Tpl Dataflow walkthrough – Part 5


Tpl Dataflow walkthrough – Part 5

this post is a complete walkthrough of a web crawler sample that was build purely by using Tpl Dataflow.

it was built on .NET 4.5 / C# 5 (on a virtual machine using VS 11).

I will analyze each part of this sample, both by discussing the Dataflow blocks and the patterns in used.

the sample code is available in here (it is a VS 11 project).

TDF, Tpl,Dataflow, ITargerBlock, ISorceBlock, IDataBlobk, Transform

during the walkthrough you will see the following Tpl Dataflow blocks:

  • TransformBlock
  • TransformManyBlock
  • ActionBlock
  • BroadcastBlock

you will see how the aysnc / await signature of the Dataflow blocks is better for executing an IO bound operation (without freezing a worker ThreadPool thread).

I should also mention that this post is part of the Tpl Dataflow series which you better read before reading this one.

Disclamation: the web crawler sample is for educational purpose only (running web crawler application may be forbidden by the low of your country).

The sample topography:

Tpl Dataflow application is usually a collection of agents which is linked together in order to compose a complete solution. each agent is having its own responsibilities and concerns. the following diagram present the agent topography for this sample:

TDF, Tpl,Dataflow, ITargerBlock, ISorceBlock, IDataBlobk, Transform 

agents block type and responsibilities

Downloader: the responsibility of the downloader is to download the html of a web page. it is using a TransformBlock<Tin, Tout> which belong to the executer block family. the transform block is getting a url as the input message and it produce the page’s html as it output.

the transform block is construct from:

  • input buffer (for url)
  • task (do the transformation)
  • output buffer (for the downloaded html)

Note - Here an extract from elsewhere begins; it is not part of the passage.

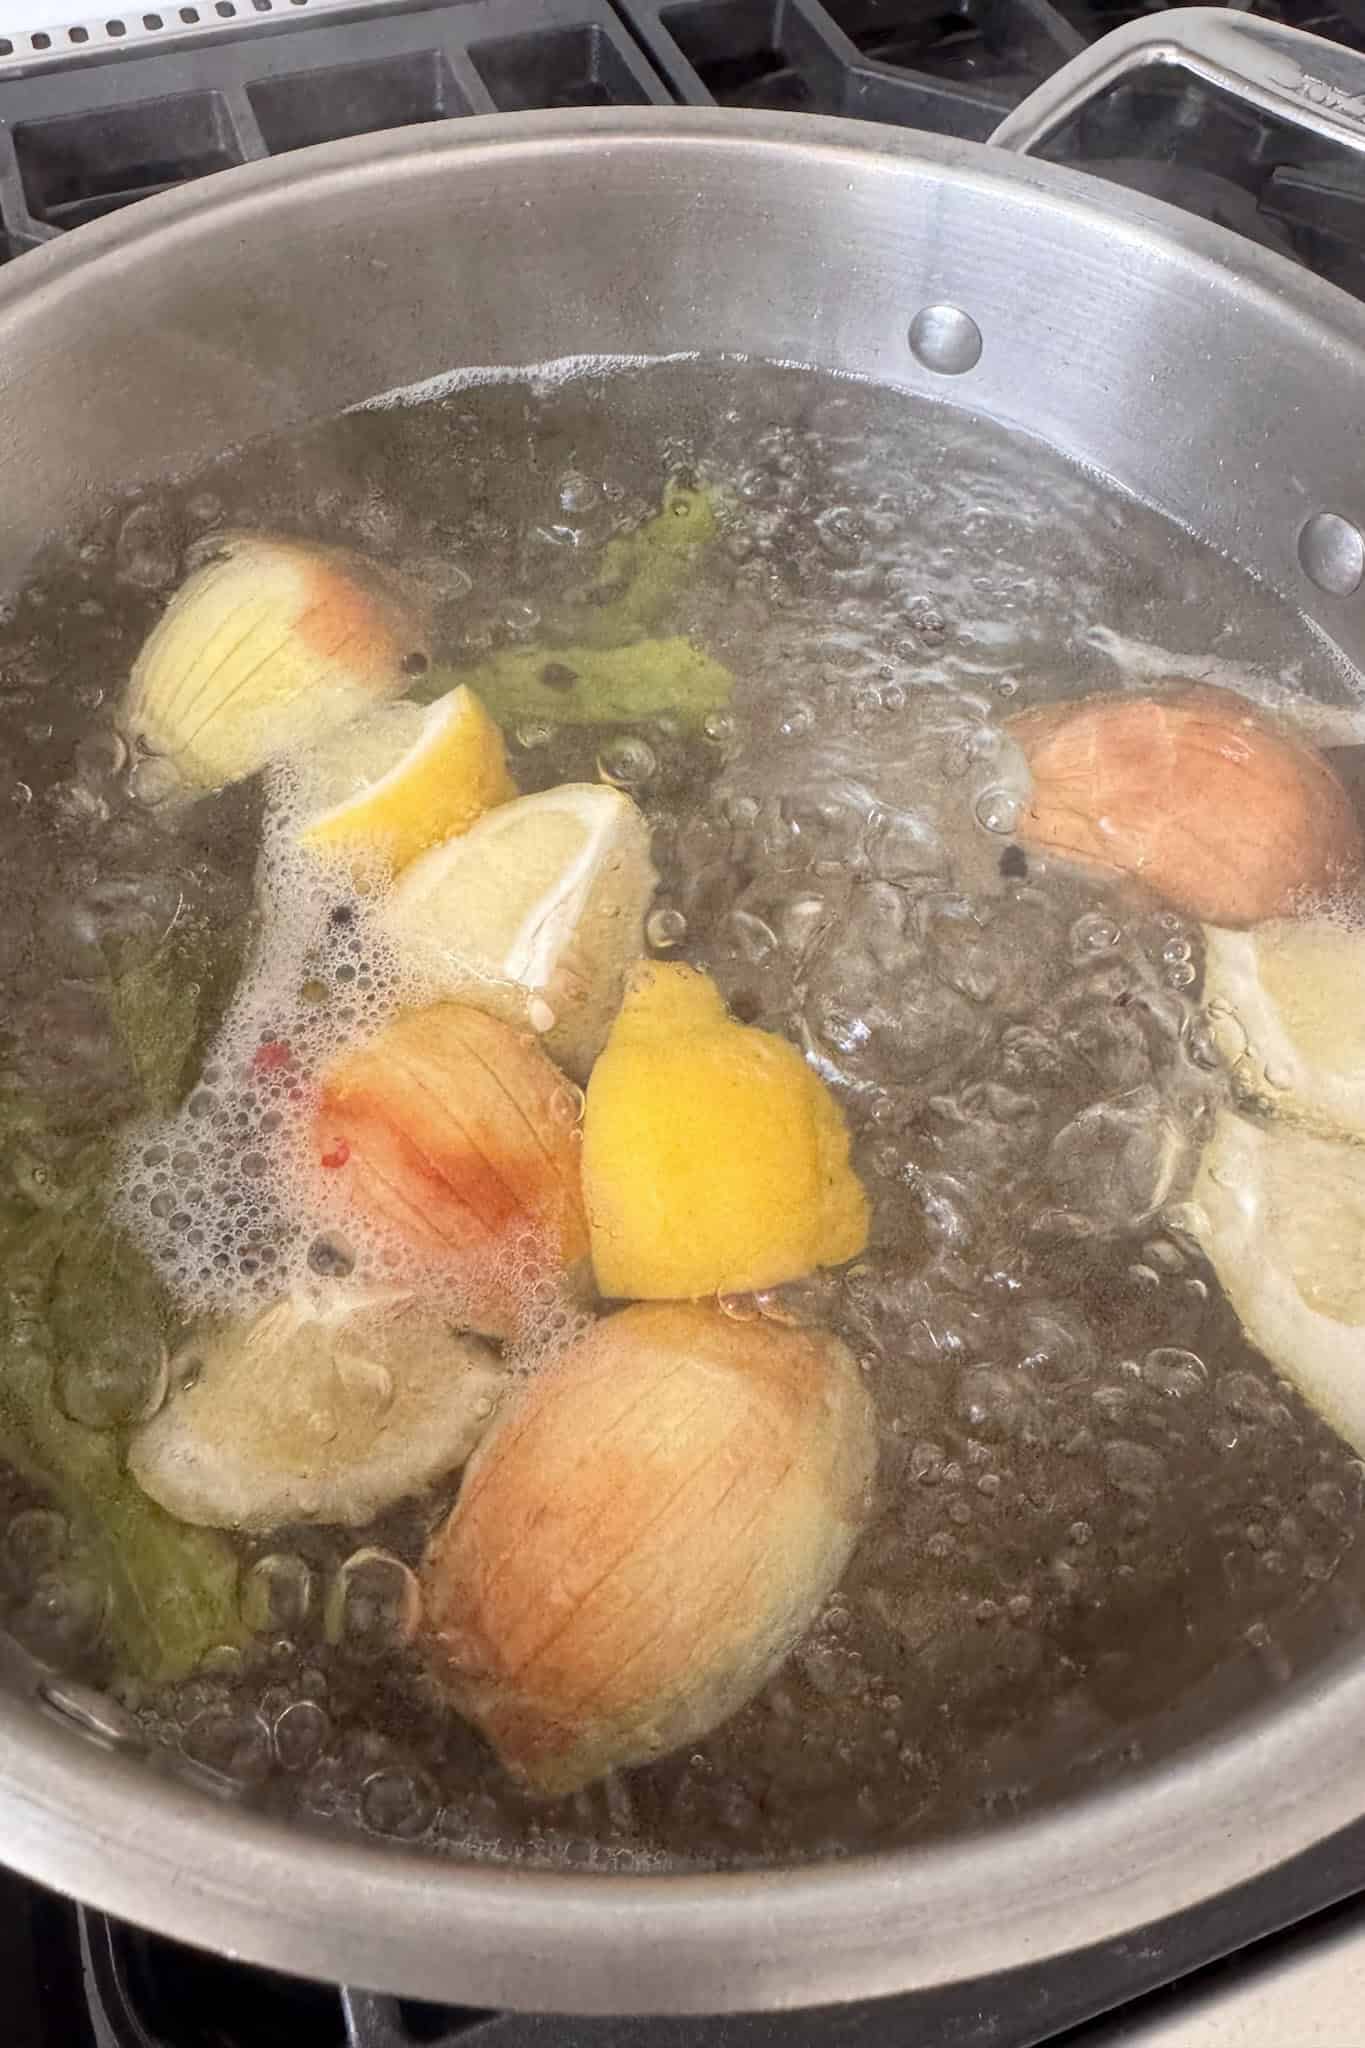 pot of water with boiled water and onions and lemons

the task is taking one message at a time from the input buffer, transform the message by a Func<Tin, Tout> delegate which it get as a constructor parameter and put the result in the output buffer, where it is available for other blocks to consume.

later we will see that our crawler transformation is actually taking Func<Tin, Task<Tout>> which is a better signature for IO bound operations (I will discuss it latter).

TDF, Tpl,Dataflow, ITargerBlock, ISorceBlock, IDataBlobk, Transform

the transform block is a propagator block which mean that it exposed both as a target and a source block. it is implementing IPropagatorBlock<Tin, Tout>.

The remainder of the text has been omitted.